If it’s unspoiled, hazard-free beauty that you hanker after, the 850 acres surrounding the Ritz-Carlton should fit the bill nicely. Twenty-five miles of improved trails ring the hotel, which you can mount on foot or mountain bike, then wind your way through the Tortolita Mountains and Wild Burro Canyon. The stillness is broken only by breezes, or the skittering of, er, scorpions and lizards and snakes; the air is clear and dry. Views go on and on and then some.
I don’t know about you, but all that talk of hiking gets me hungry. Happily, just inside the resort’s four-story main building — made of adobe, clay tile, stucco and stone — sits a culinary destination that alone is well worth a trip to the Sonoran Desert. The CORE Kitchen and Wine Bar is a stunningly sleek, glass-encased marvel, ably guided by the antic spirit of Chef Joel Harrington, whose Mohawk-hairdo and punk-rock aesthetic stand in stark contrast to the refined elegance of the room.
The chef may be the walking definition of an enfant terrible, but the menu is a perfectly mannerly model of local-ingredients-first, regionally-influenced cuisine. A beyond-tender buffalo tenderloin is done with garlic fries and a celery root purÃƒÂ©e, and there’s a lovely sweet potato bisque with a hint of chipotle that is as smooth as Steve Stricker’s putting stroke. They also serve a damn fine order of fish tacos at the poolside Turquesa Latin Grill.
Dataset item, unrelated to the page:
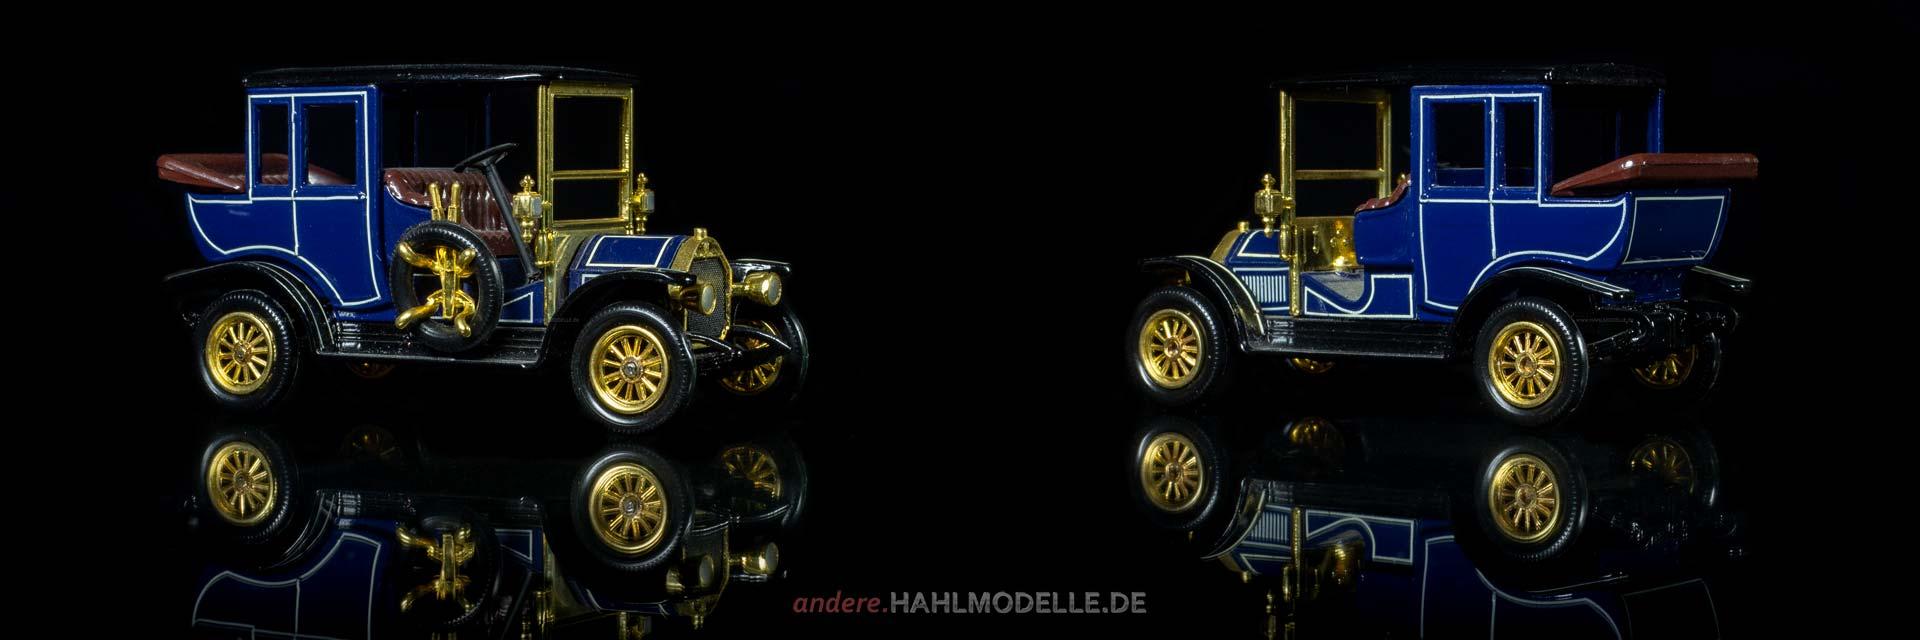 Benz 24/40 PS | Landaulet | Matchbox | 1:43 | www.andere.hahlmodelle.de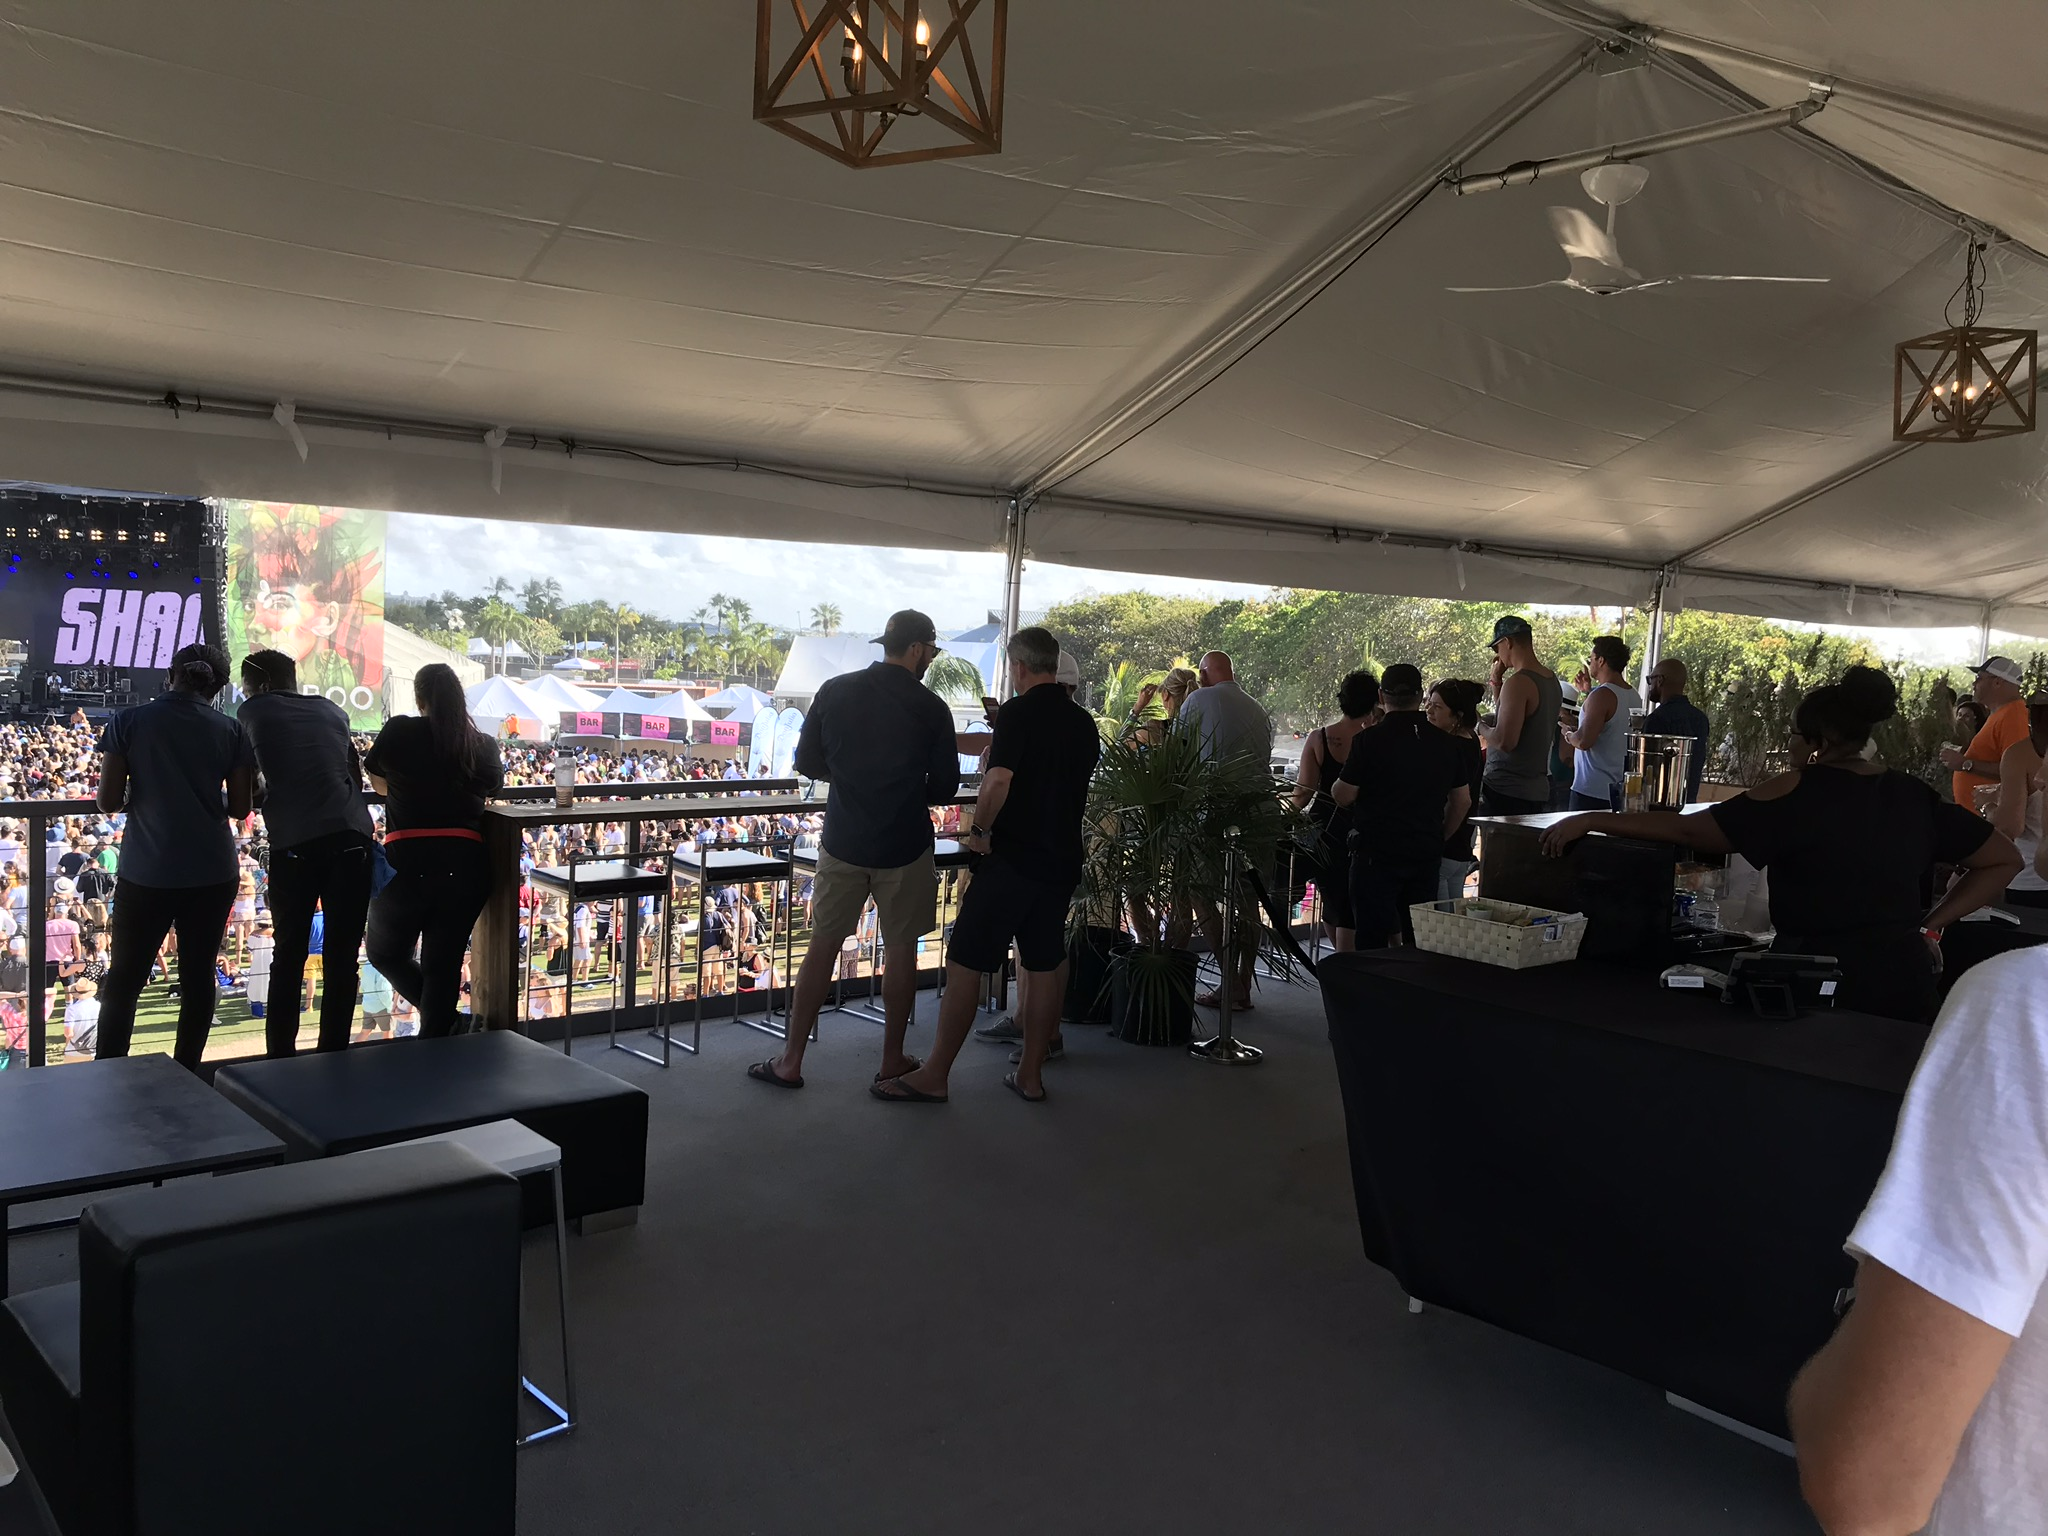 5' Overhead Fan in the VIP Tent

For dessert, I’d skip the carb-fest and make your way down to the tranquil luxury of the Ritz’s spa. While it may usually be true that a spa is a spa, the outdoor area here, where various treatments are offered under the azure canopy above, is a little slice of desert heaven. Not only that, I had a world-class deep tissue massage that straddled the line between pleasure and pain without sacrificing therapeutic benefits. Plus, the steamroom is big enough for a touch football game and emits copious clouds of healing vapors. Ahhhhhhhhhhh …
You may want to venture some 20 miles to downtown Tucson for a funky enchilada dinner and some rock and roll. Me, I was happy on Dove Mountain with the flagsticks and the saguaros and the multi-hued sunrises and sunsets. P.S., there’s only 350 days of sunshine in this valley, so pick your vacation date carefully if you like rain.